+++ PROVIDED DATA

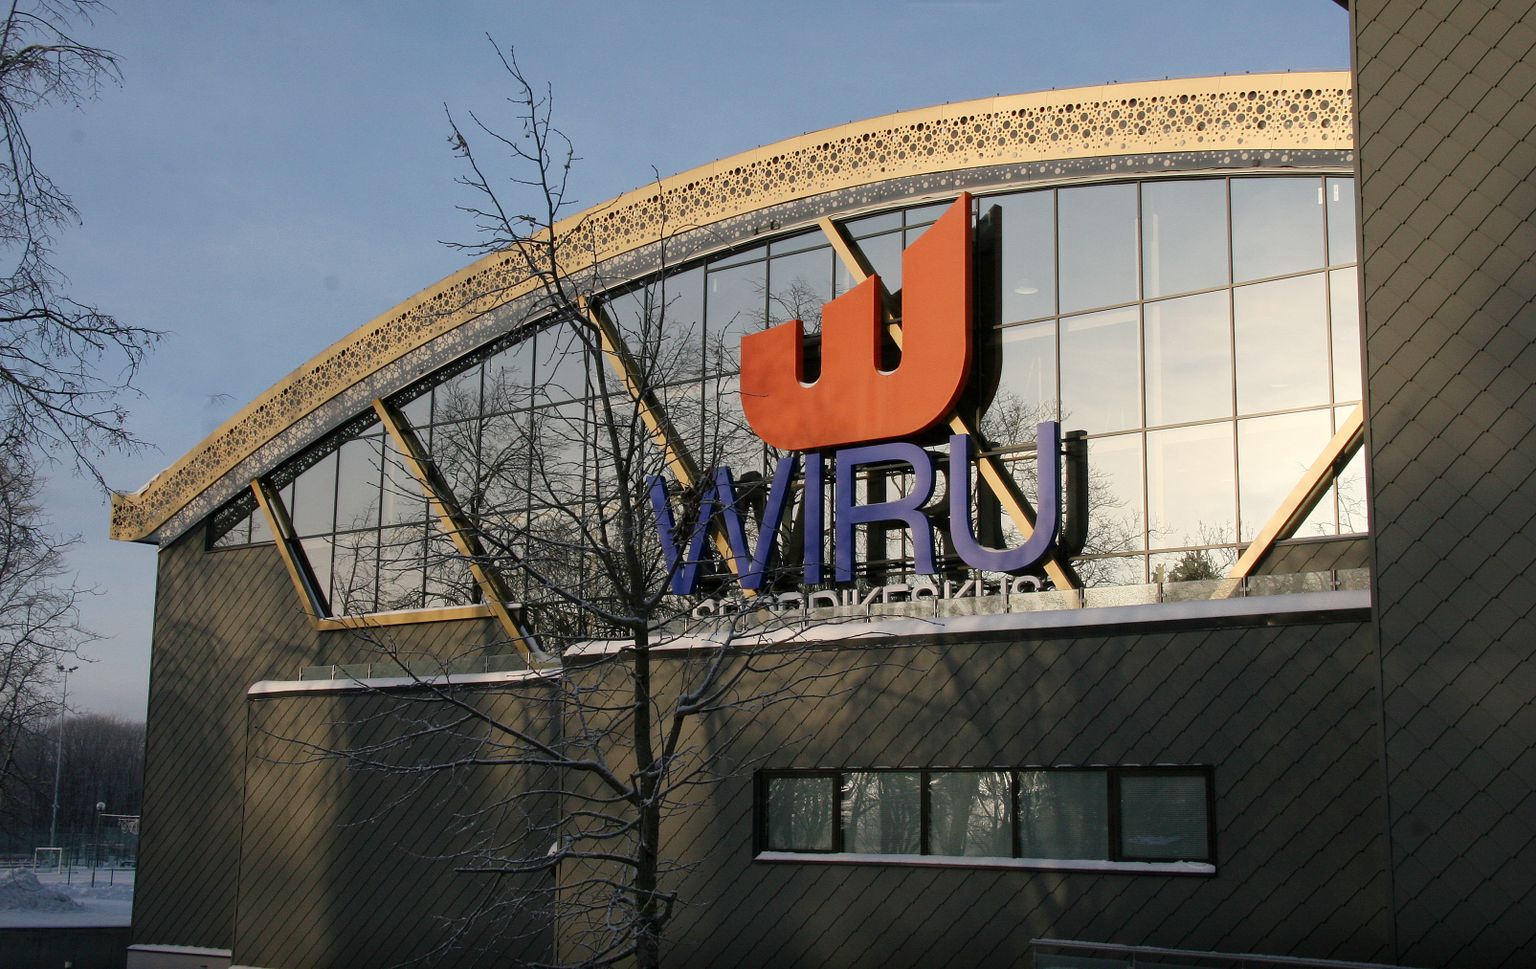 Спортивно-оздоровительный центр "Wiru" - самый новый объект из четырех, входящих в состав Кохтла-Ярвеского спортцентра.
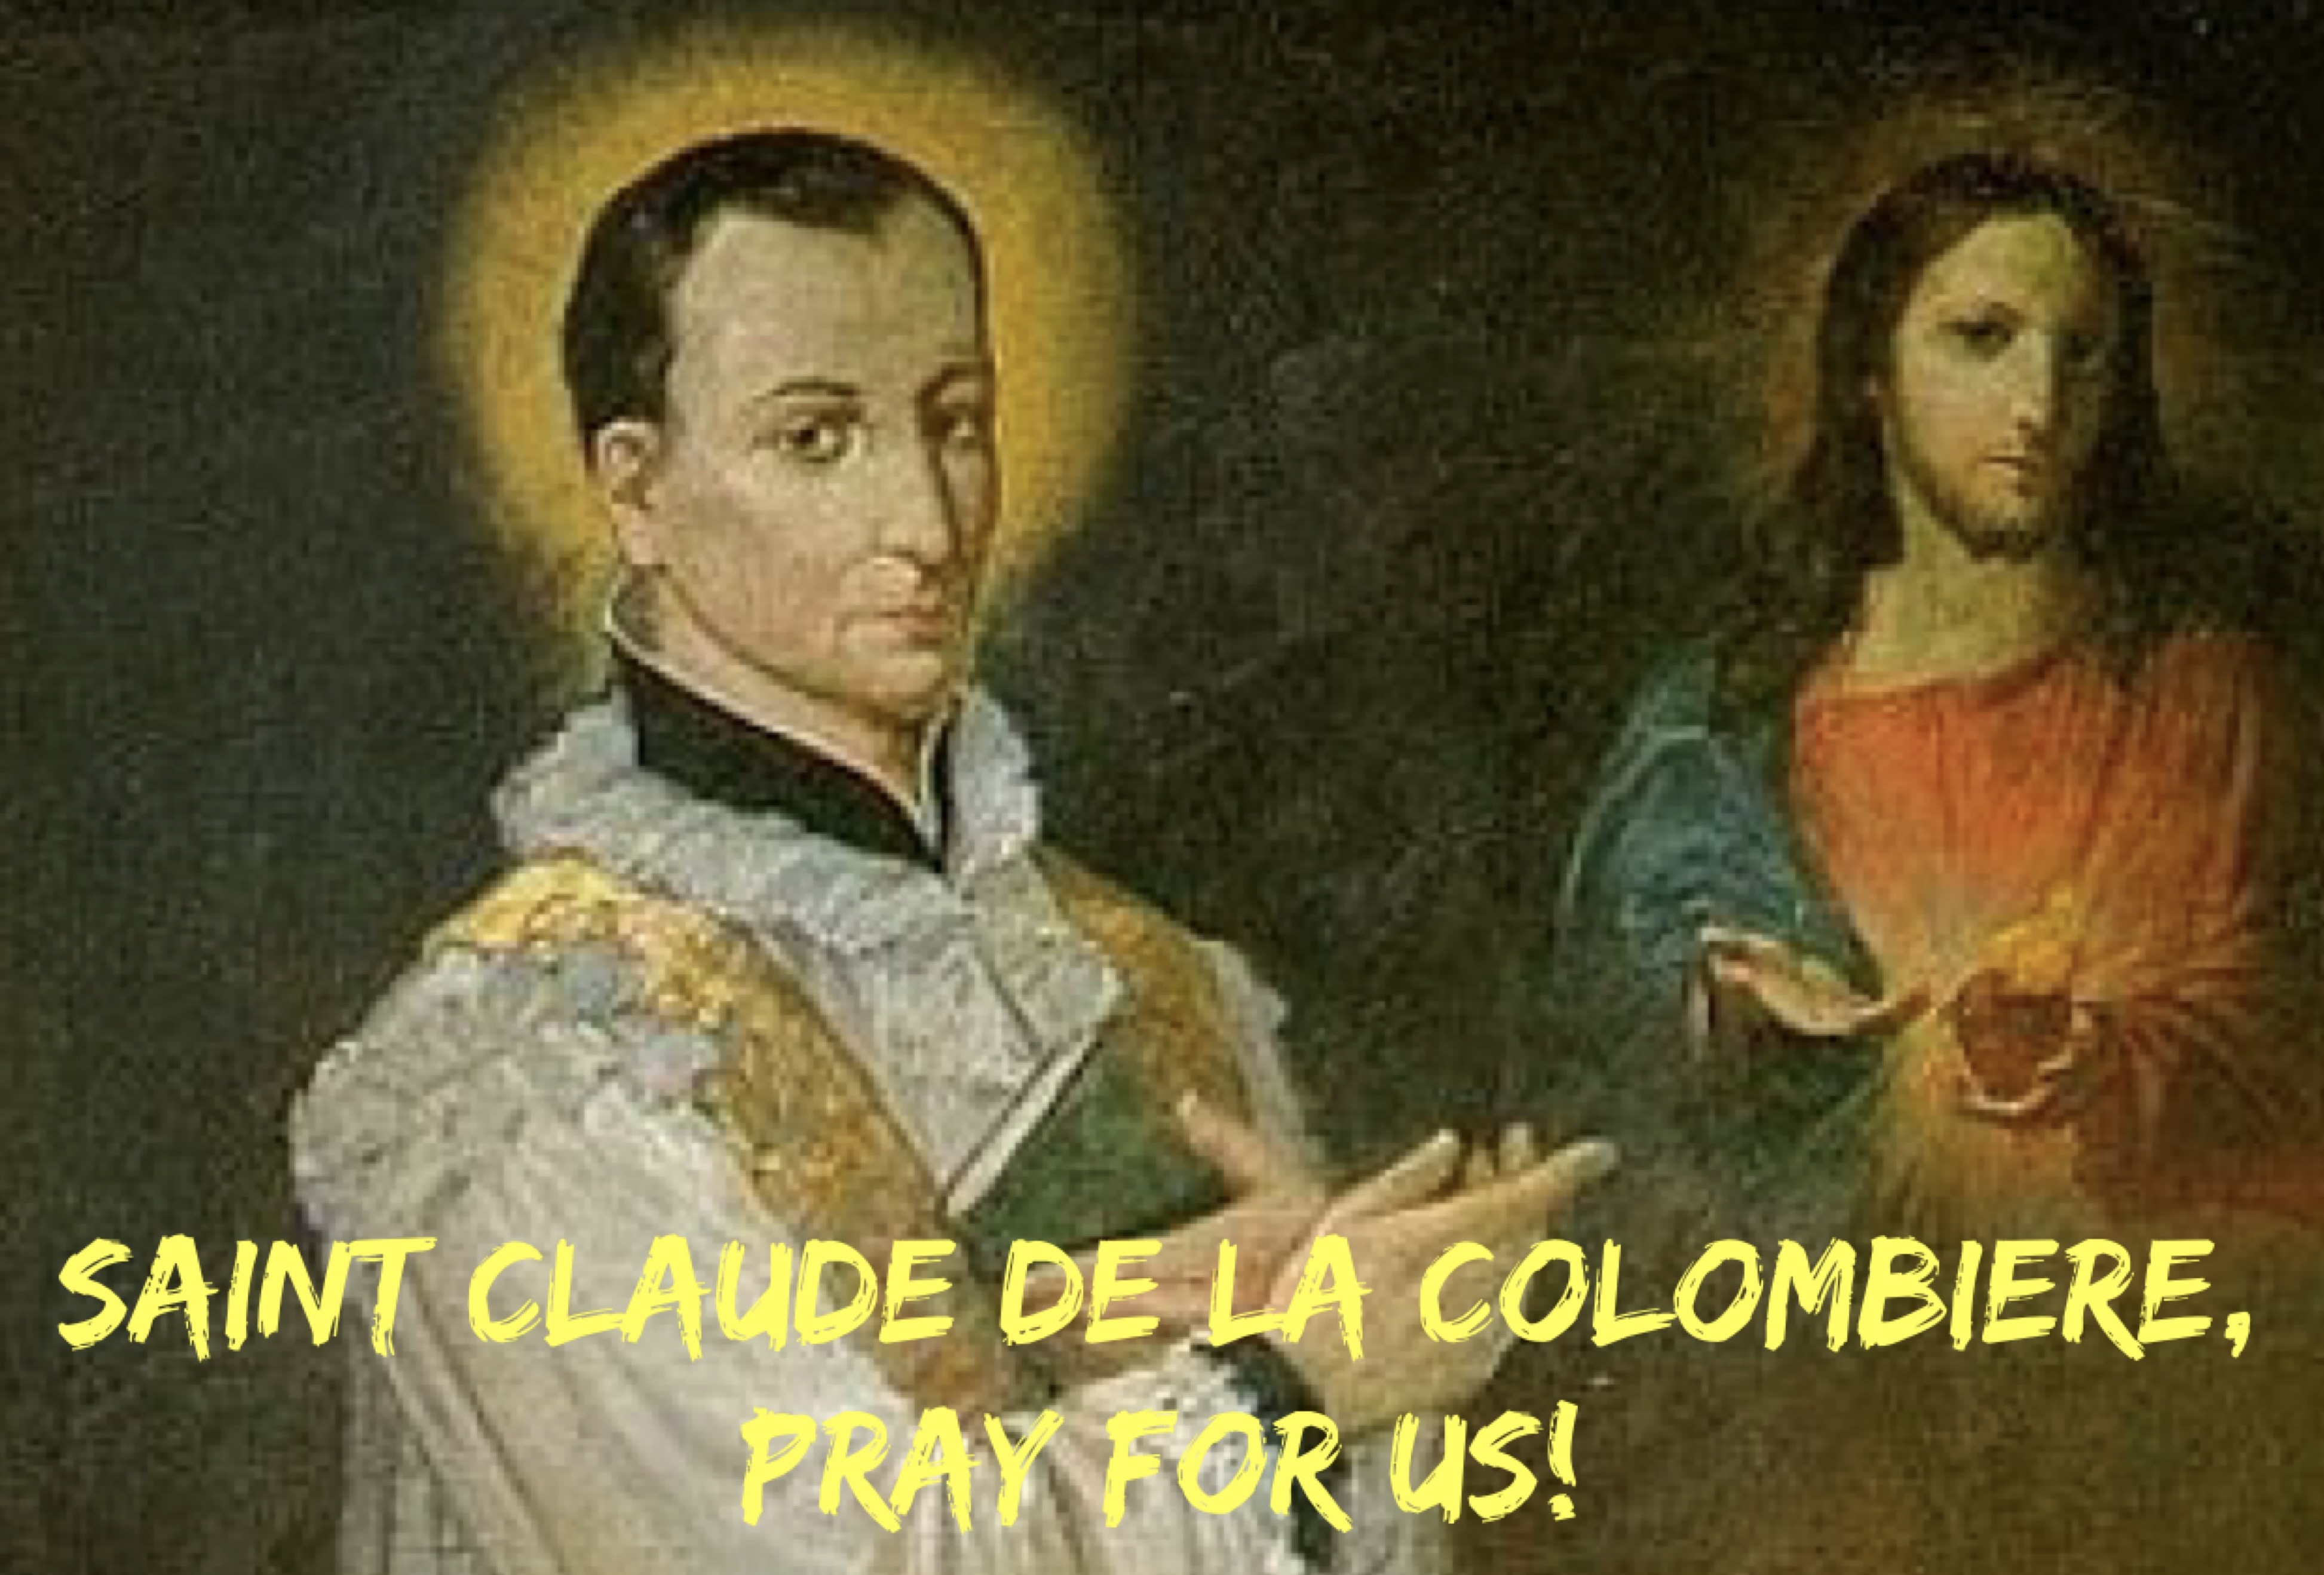 15th February – Saint Claude de la Colombiere
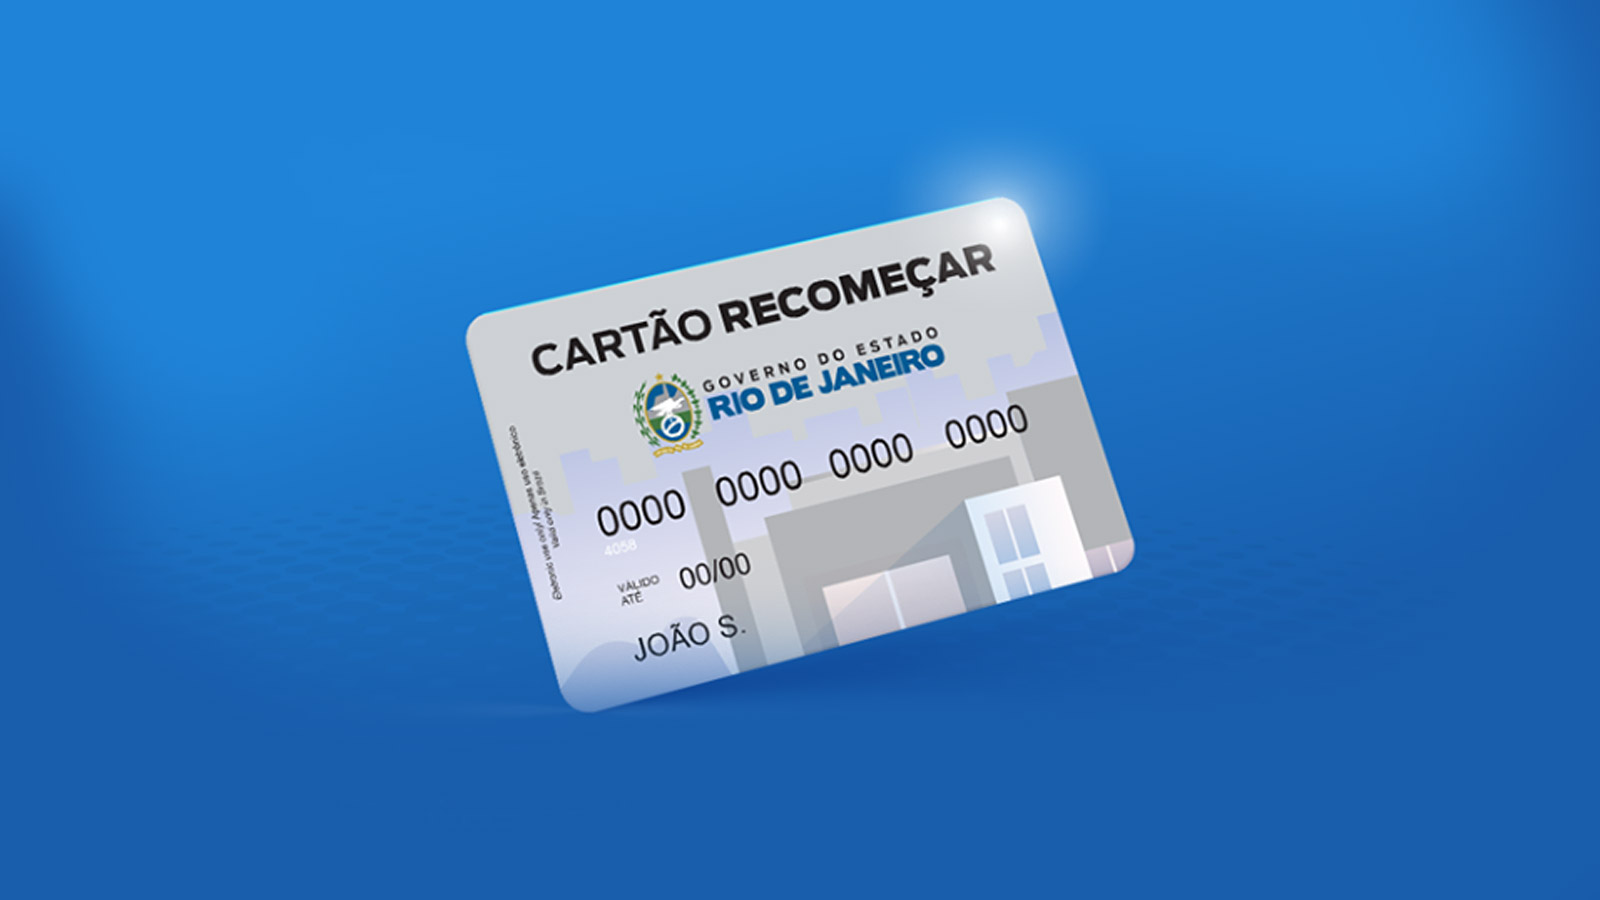 Cartão Recomeçar será liberado para moradores de São João de Meriti, Mesquita, Duque de Caxias, Nova Iguaçu e Nilópolis

++++++

== DIRECTIONS ==
Pictures are to be dropped, and the lines from the line with "15th February –" through the end of the material above are to be reproduced exactly.

== SOLUTION BELOW ==
 15th February – Saint Claude de la Colombiere
 Cartão Recomeçar será liberado para moradores de São João de Meriti, Mesquita, Duque de Caxias, Nova Iguaçu e Nilópolis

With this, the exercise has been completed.